Homer: Oh well, we all gotta go sometime.

TruthSeeker
2nd February 2004, 09:42 AM
Originally posted by Hexxenhammer
Didn't Homer go through these when he thought he was dying? Lisa was telling him the stages:
Lisa: The first stage is denial.
Homer:Pfft! I'm not dying.
Lisa: Then anger.
Homer: AAAARRRRGGGGHHH!
Lisa: Next is bargaining.
Homer: Lisa, you've gotta get me outta this. I'll make it worth your while.
Lisa: Depression.
Homer: Oh why me! Sob sob...
Lisa: And finally acceptance.
Homer: Oh well, we all gotta go sometime.
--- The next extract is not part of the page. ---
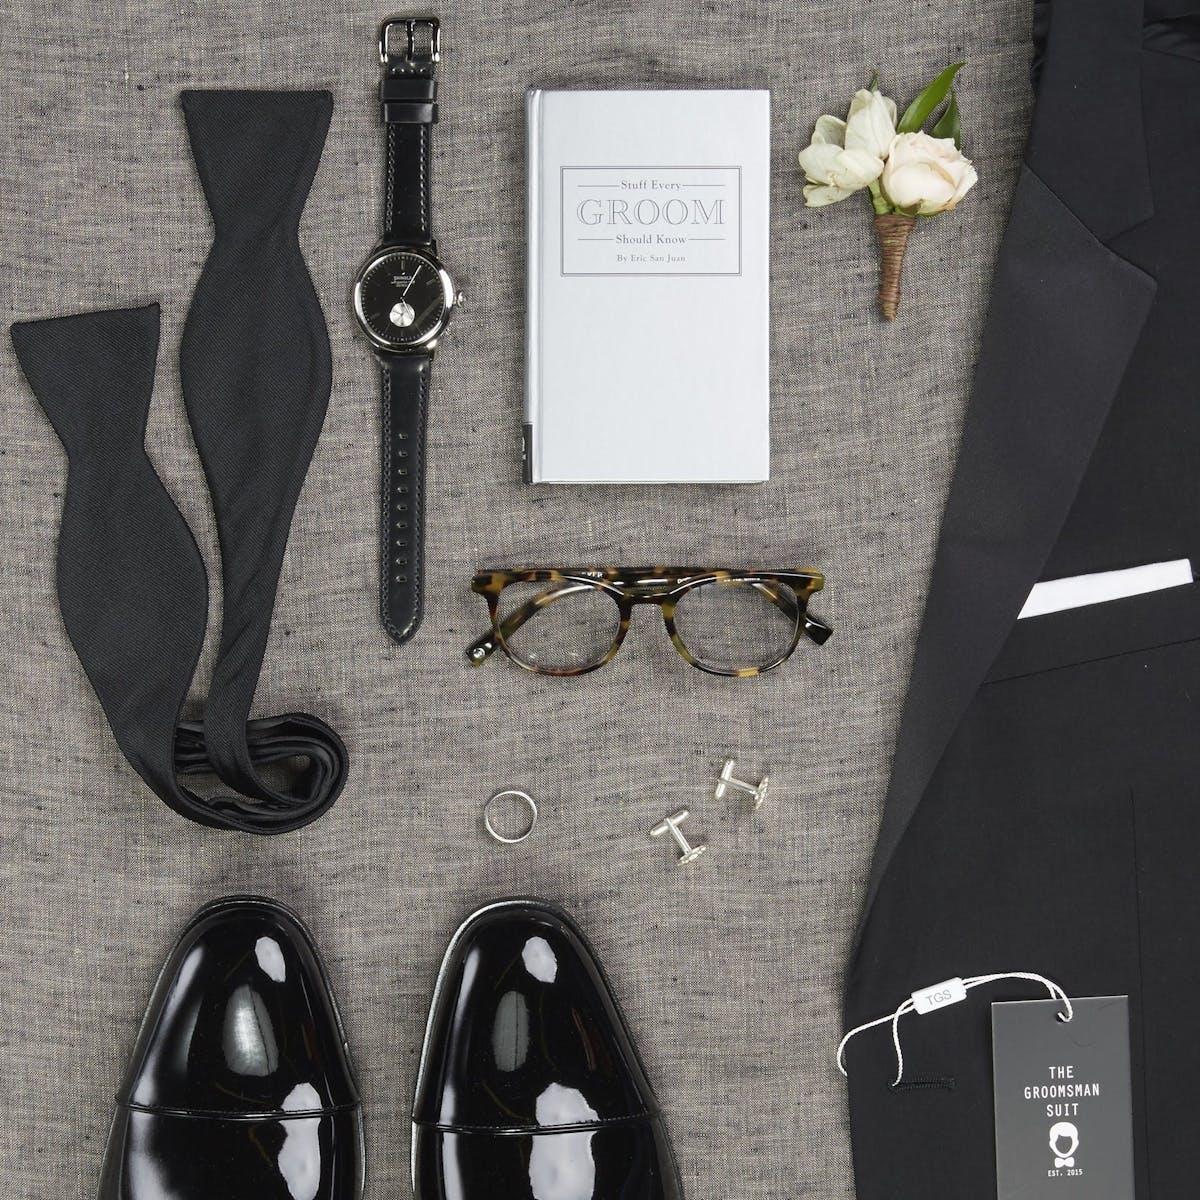 Wedding Planning Checklist for grooms to get groomsmen suited up in wedding suits for men.

A testament to the wide reach of her work. I think the Simpson's did a similar sequence with her stages when Marge and Homer split up with Bart going through the stages.

Ladewig
2nd February 2004, 06:08 PM
She has her own site (http://www.elisabethkublerross.com/).

As has been mentioned, in the late 1960's her experience of talking to thousands of dying patients and learning how how they were ill-treated, she wrote what was considered a revolutionary book on the subject. The sad part is that in 1995, she had a stroke and was diagnosed as having only a small chance of surviving. During her recovery she learned first hand that there are hospitals that are no different now than they were in the 1960's and that still treat terminal and possibly terminal patients with less dignity and honesty than they deserve.